Prove that $f: [0, \infty) \rightarrow \mathbb{R}, x \mapsto \sqrt{x}$ is consistently continuous
Let $\delta > 0$, let $\varepsilon > 0$, let $|x-x_{0}|< \delta$
$\Rightarrow$
$$|\sqrt{x}-\sqrt{x_{0}}| > |\sqrt{x-x_{0}}| < \sqrt{\delta} = \varepsilon$$
$$\delta = \varepsilon^{2}$$
Is it correct?
Several things are wrong with this "proof," the most critical of which is the end statement $\delta = \epsilon^2$. If you start with just $\delta > 0$ and $\epsilon >0$ and come to the conclusion that $\delta = \epsilon^2$ you can be sure you did something wrong.

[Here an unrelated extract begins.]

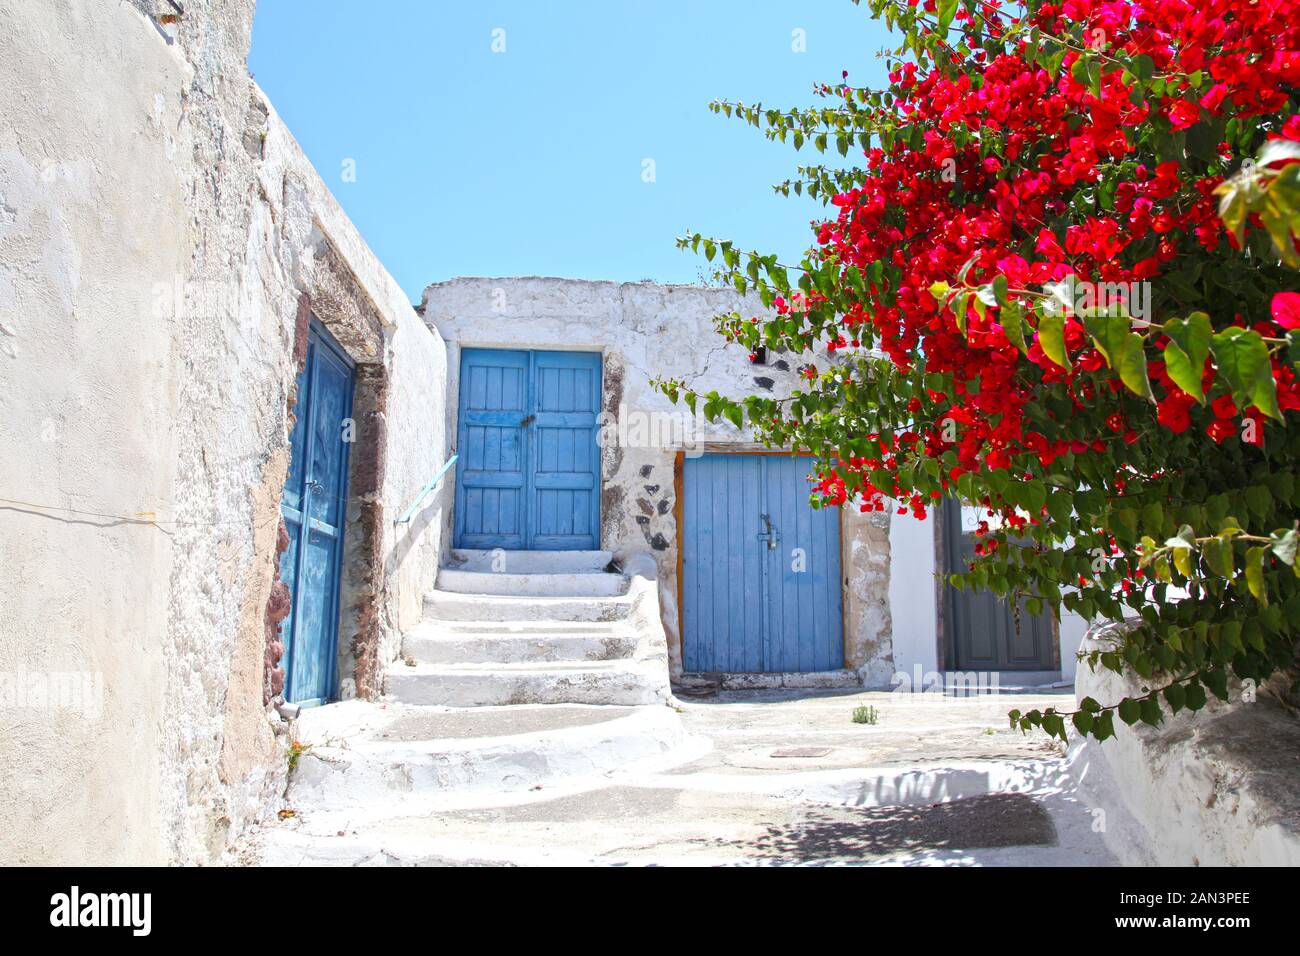 Murs peints en blanc avec portes bleues et fleurs de bougainvillea rouges au premier plan, dans le village traditionnel de Megalochori, Santorin, Grèce. Banque D'Images

However, I see what you are doing: You are trying to find how small $\delta$ will have to be for any given $\epsilon$. Say you start with "Let $\delta = \frac14\epsilon^2$" and then proceed to say $$ | f(x) - f(x_0) | = |\sqrt{x}-\sqrt{x_0}| \leq \sqrt{|x-x_0|} = \sqrt{\delta} = \frac12 \epsilon < \epsilon $$ Well now you have something resembling a proof (though you should mention that this $\delta$ does not depend on $x_0$) but there is still a big step missing:
Why is $|\sqrt{x}-\sqrt{x_0}| \leq \sqrt{|x-x_0|}$ ????
That is the meaty part of the problem. The statement is true, but you need to prove it. (Hint: consider the case of $x>x_0$ and square both sides. Then consider other cases.)